**Provided data**

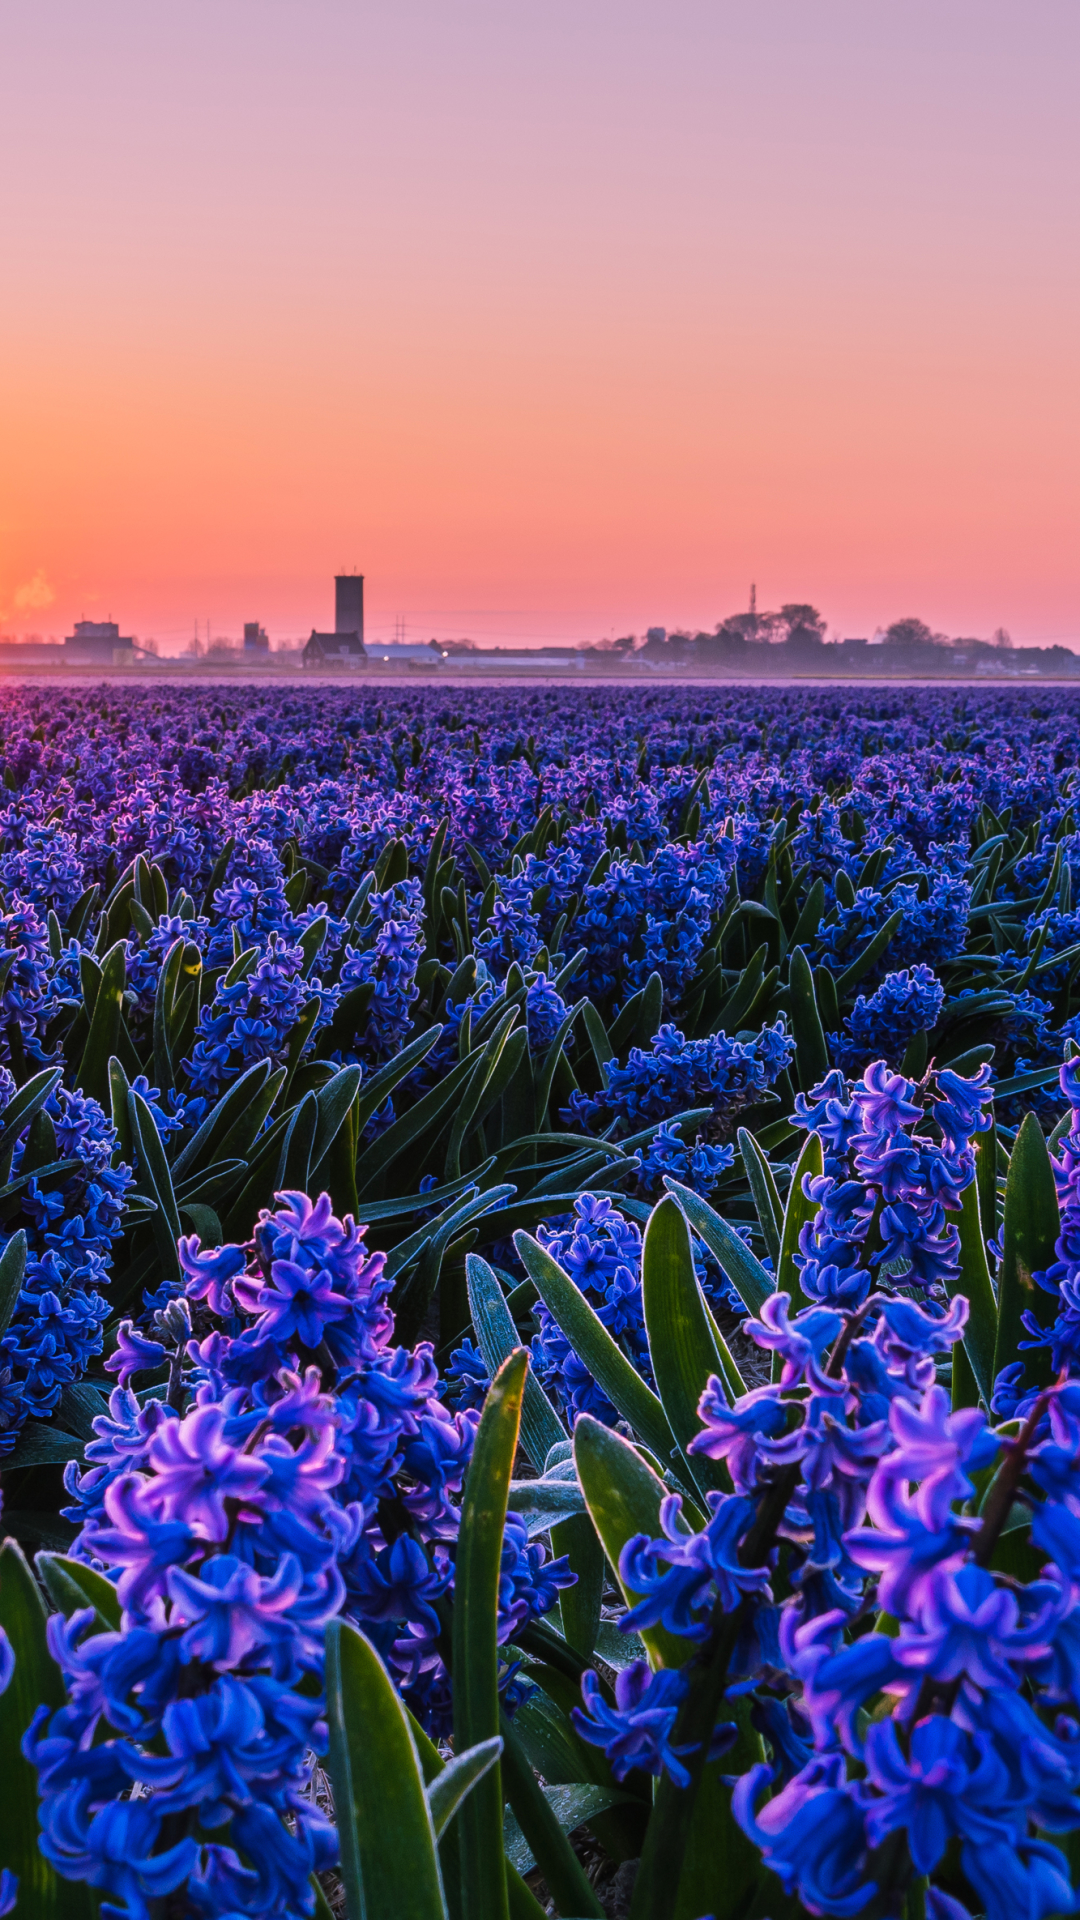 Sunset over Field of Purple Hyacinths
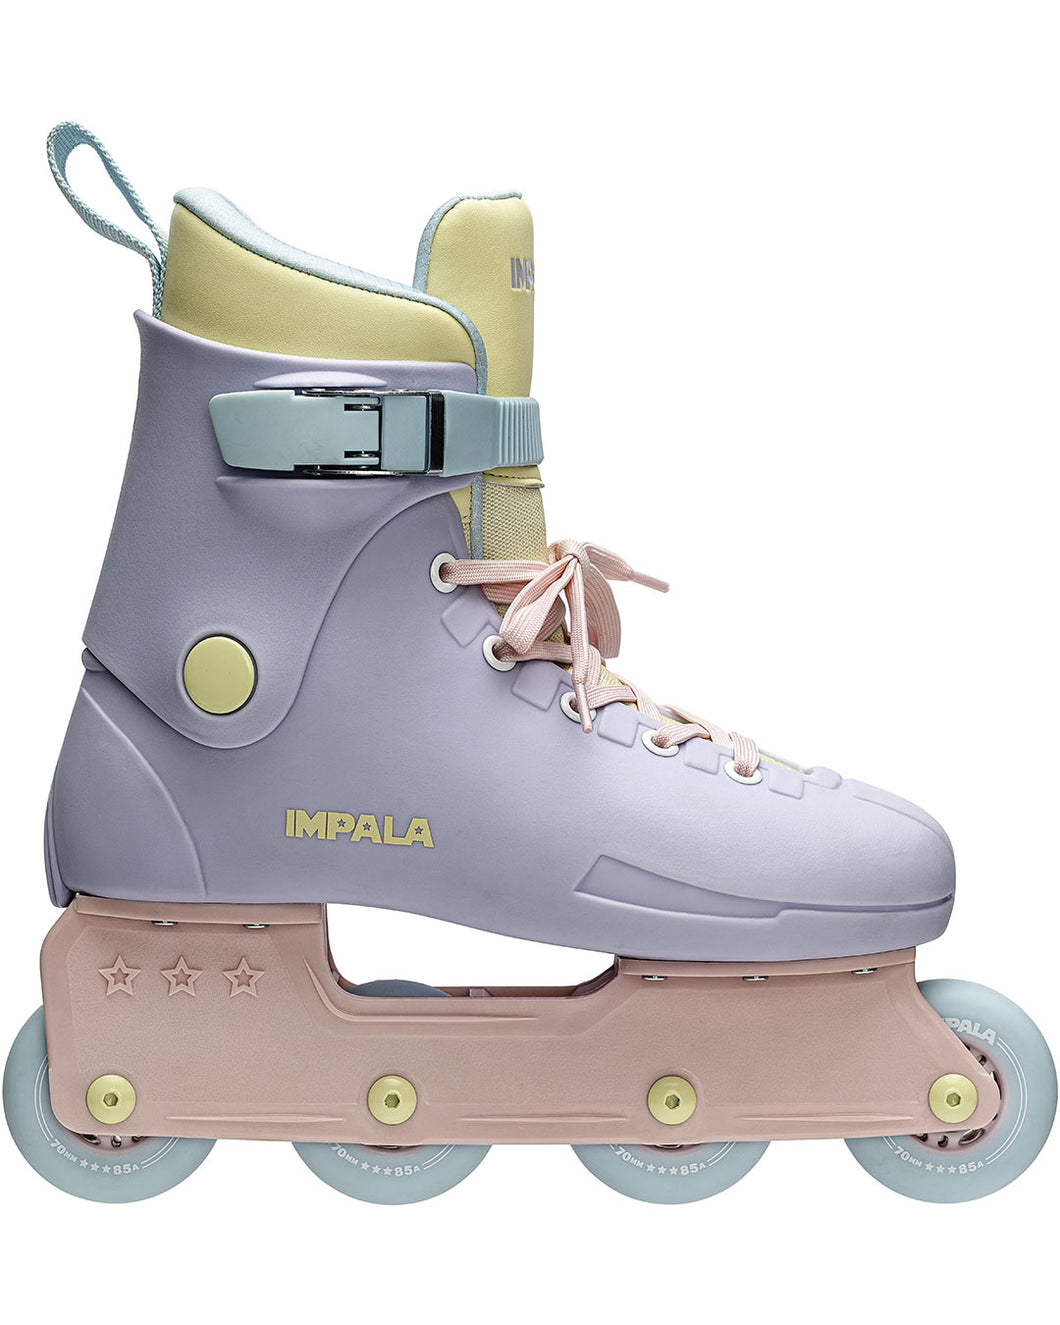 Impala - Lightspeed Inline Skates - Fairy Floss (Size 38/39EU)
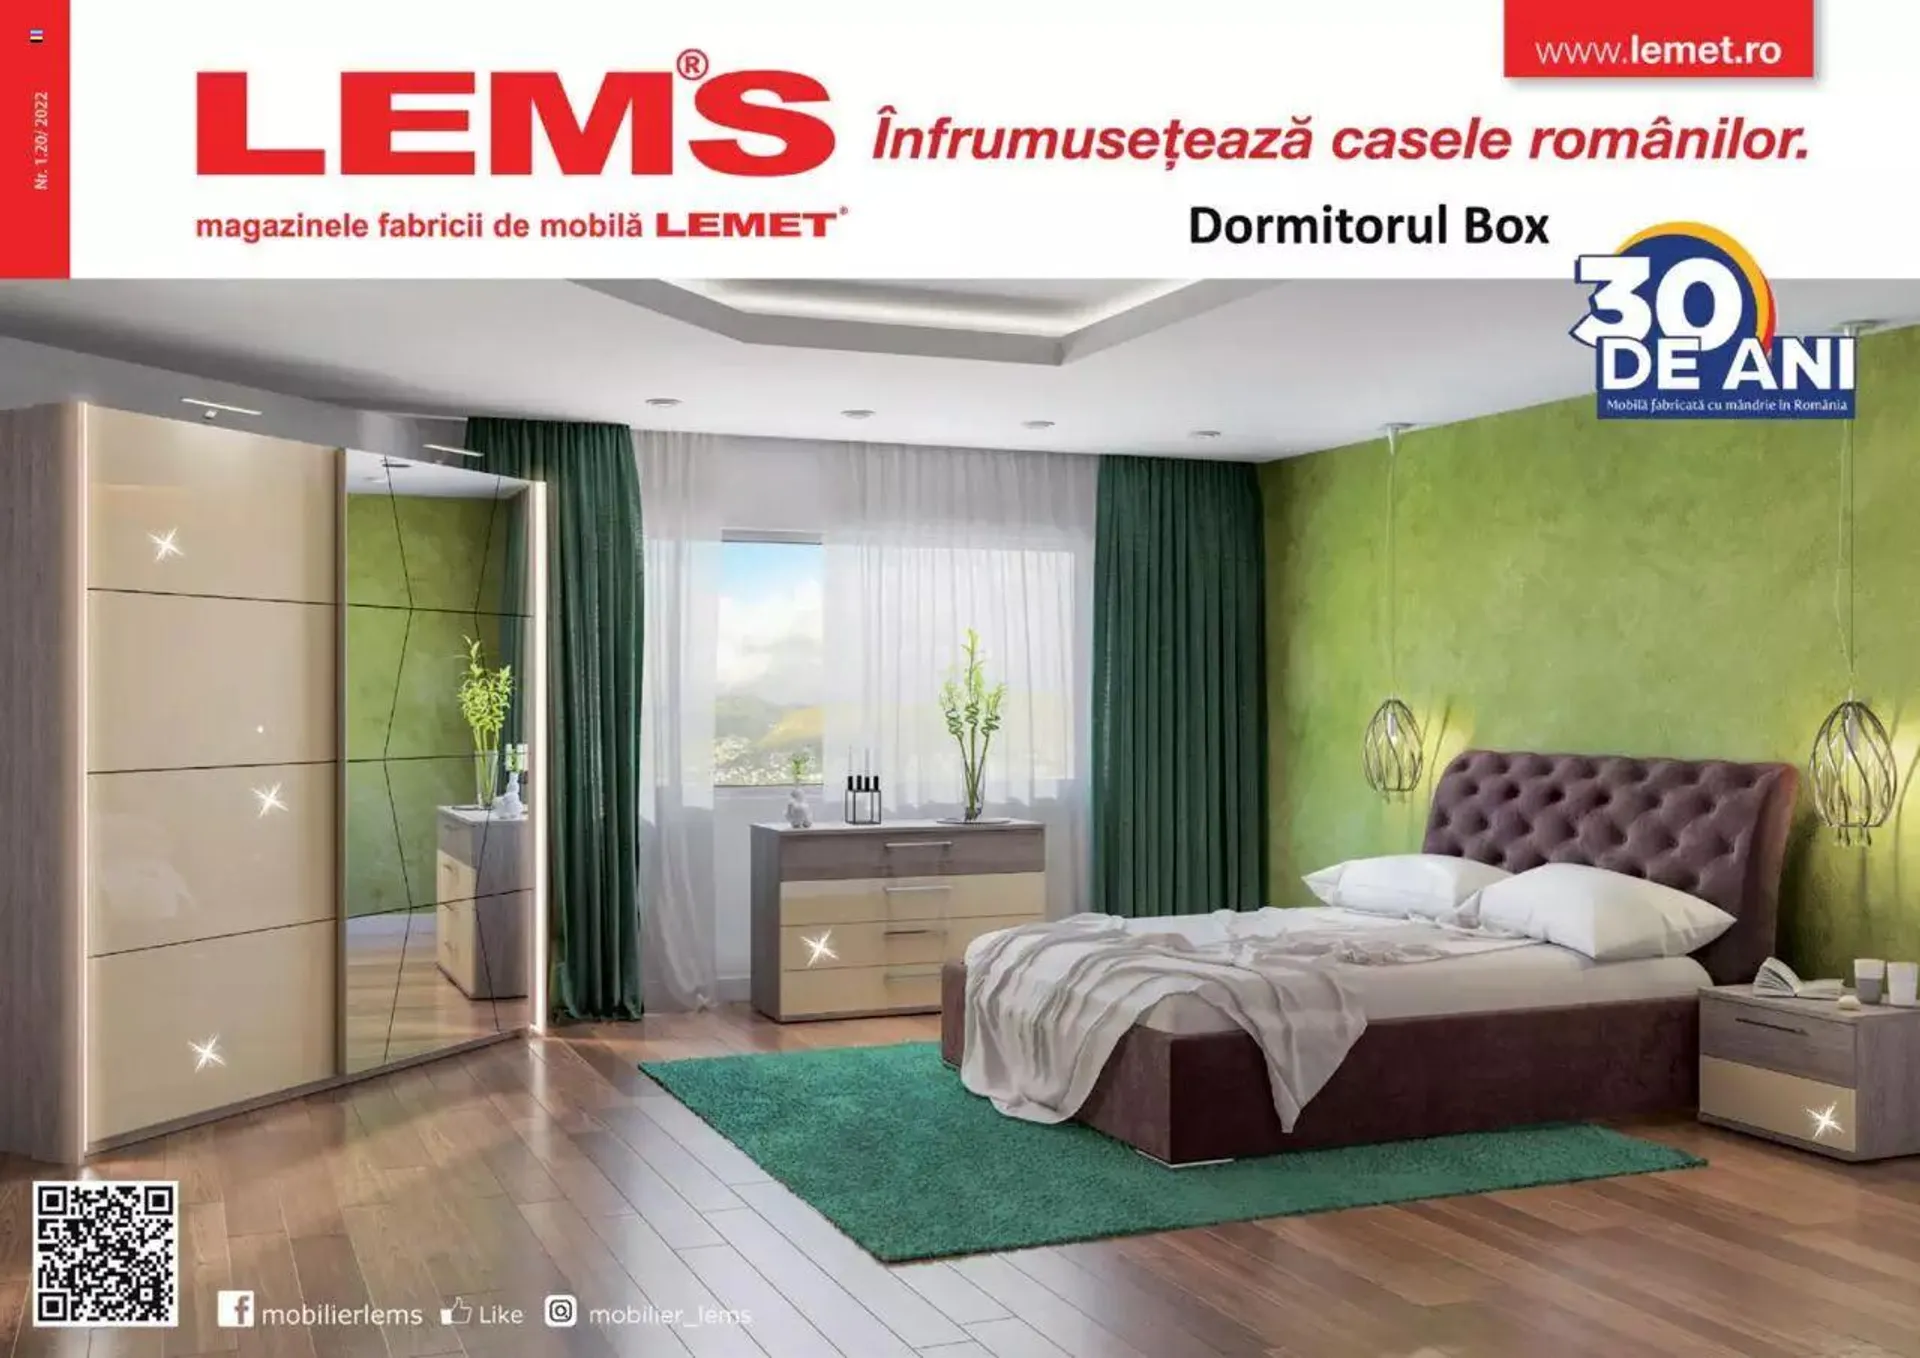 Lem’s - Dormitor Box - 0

**Instructions to follow**
The listing above should be repeated word for word, pictures removed.

**Answer to this problem**
 Sunset over Field of Purple Hyacinths
 Impala - Lightspeed Inline Skates - Fairy Floss (Size 38/39EU)
 Lem’s - Dormitor Box - 0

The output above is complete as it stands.